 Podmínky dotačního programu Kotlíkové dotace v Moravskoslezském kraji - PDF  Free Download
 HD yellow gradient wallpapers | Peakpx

--

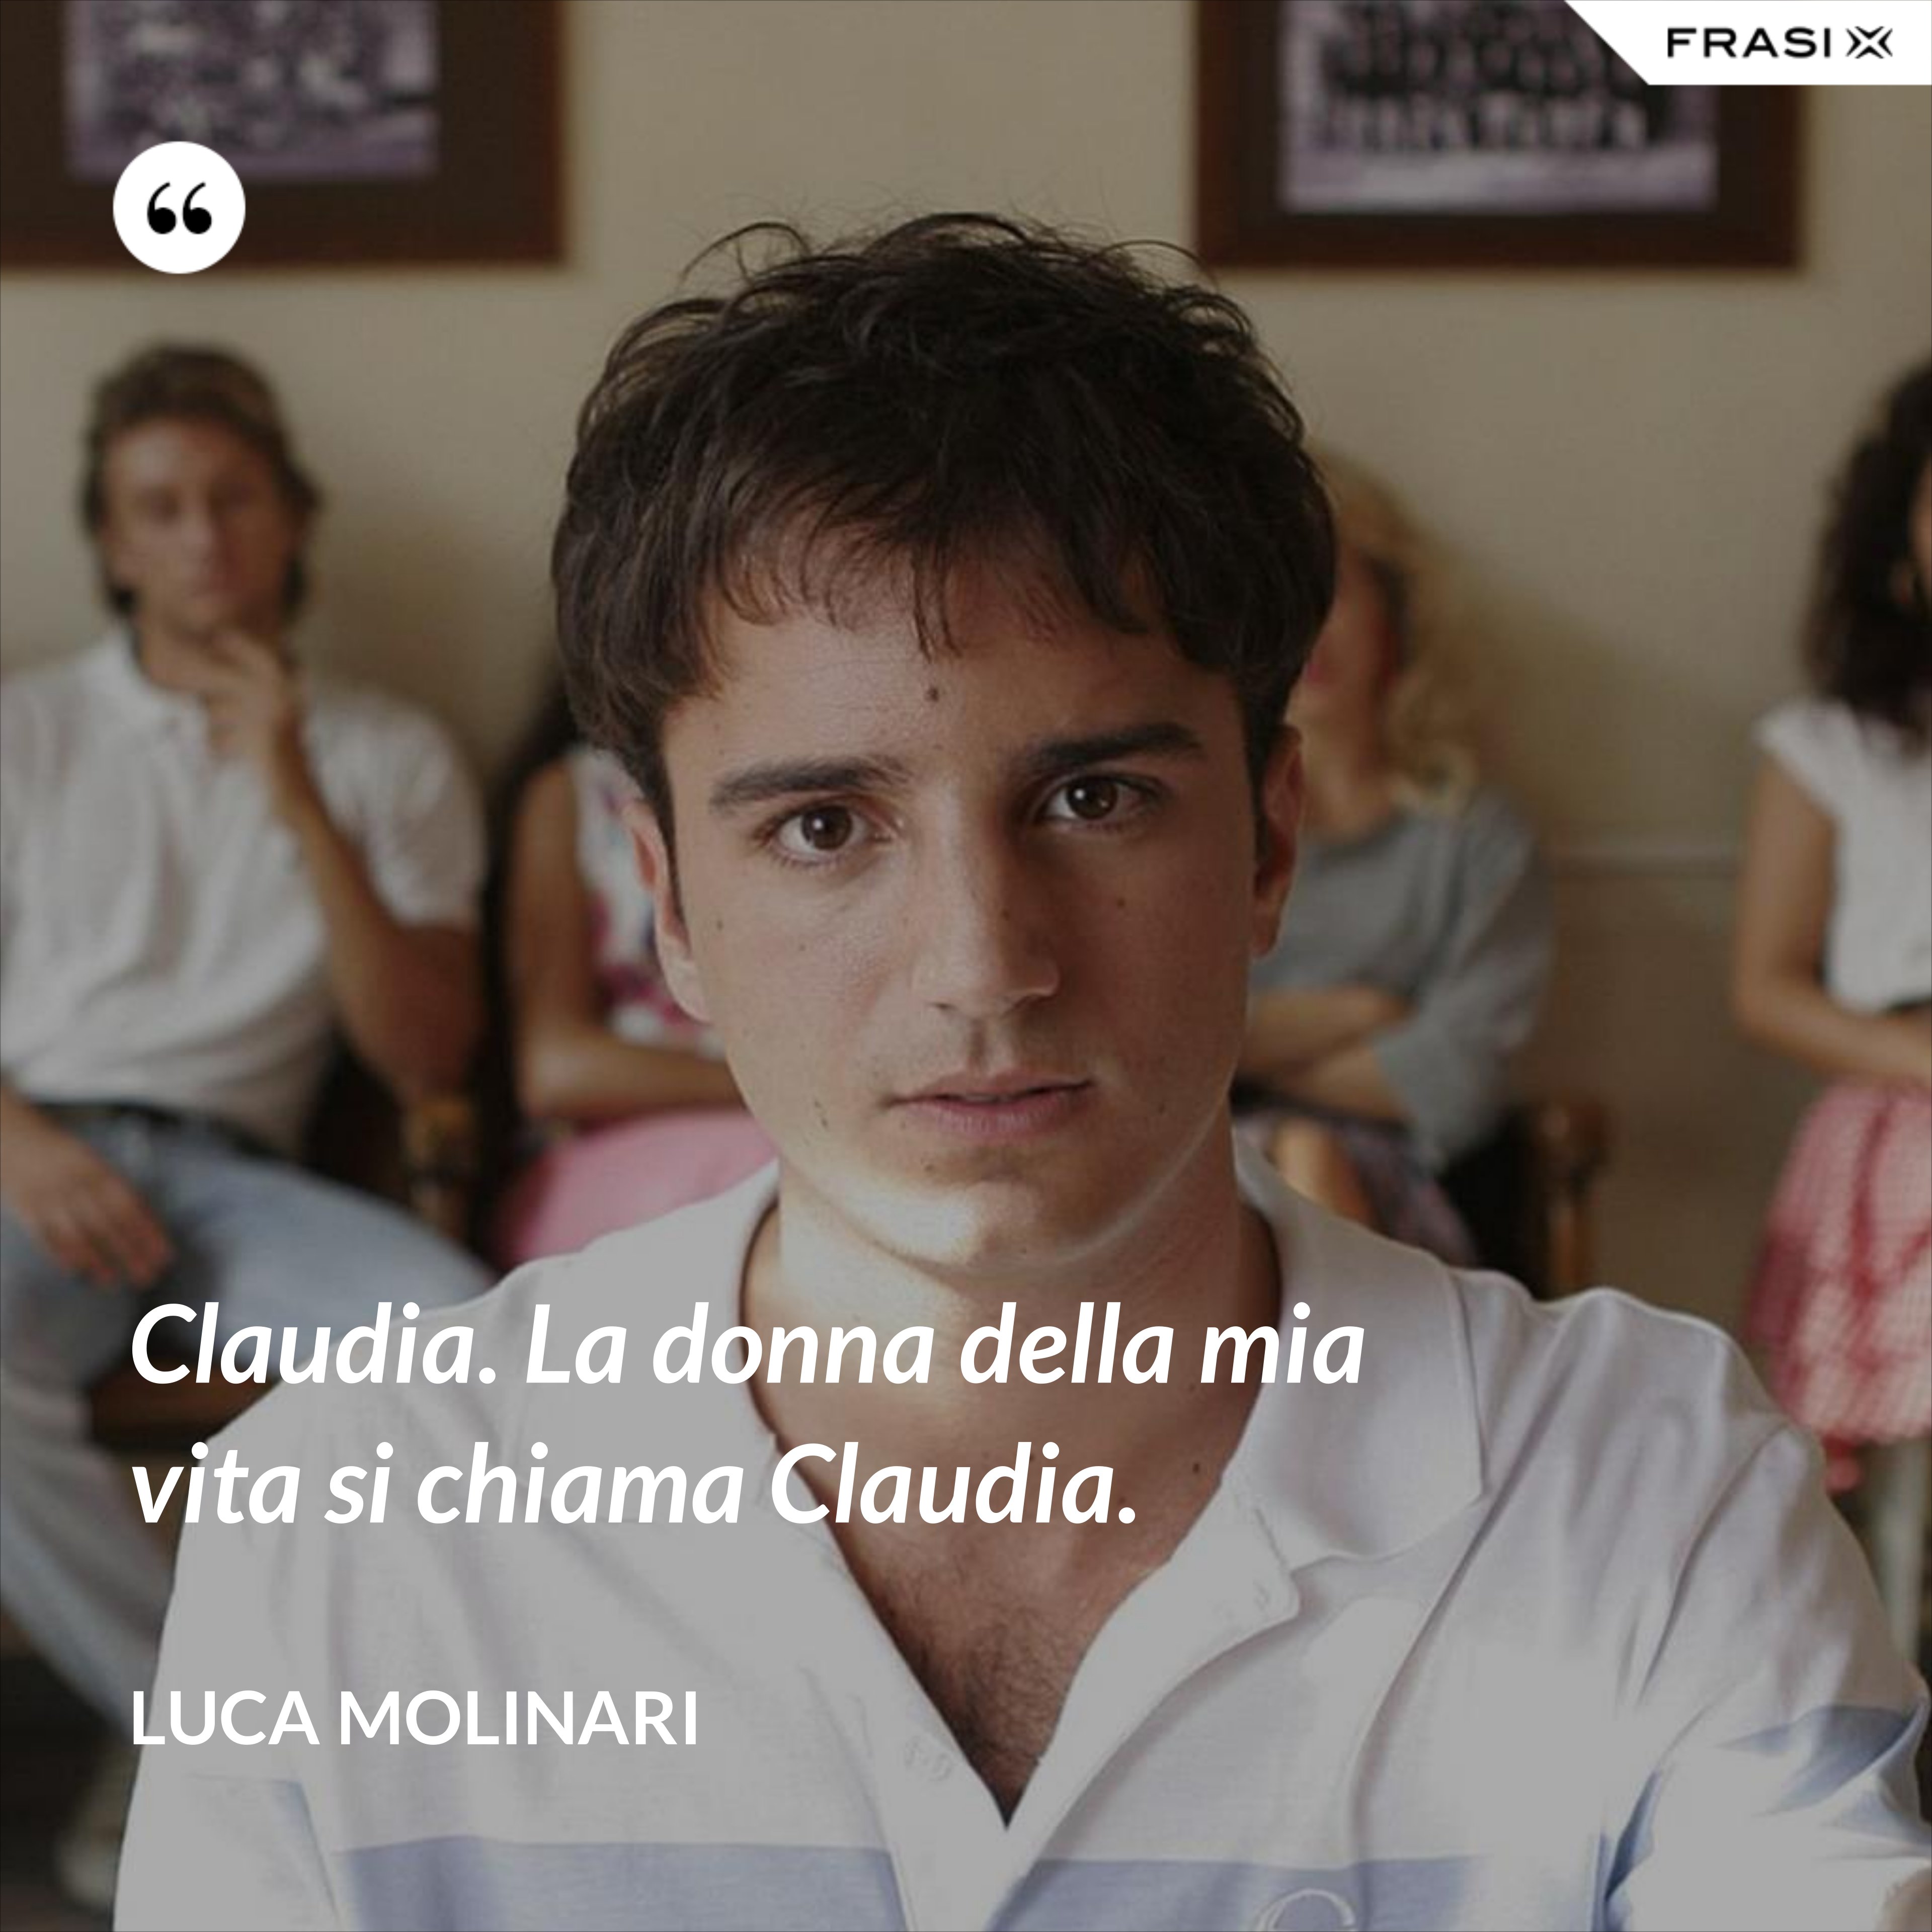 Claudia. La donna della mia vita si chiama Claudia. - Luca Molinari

* * *

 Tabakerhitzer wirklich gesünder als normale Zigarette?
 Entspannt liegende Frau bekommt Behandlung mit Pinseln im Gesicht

» **EXERCISE DESCRIPTION**
As listed above, the lines from the line with "Podmínky dotačního programu" to the line with "HD yellow gradient wallpapers | Peakpx" are to be echoed exactly, with both ends included and nothing added.

» **EXERCISE ANSWER**
 Podmínky dotačního programu Kotlíkové dotace v Moravskoslezském kraji - PDF  Free Download
 HD yellow gradient wallpapers | Peakpx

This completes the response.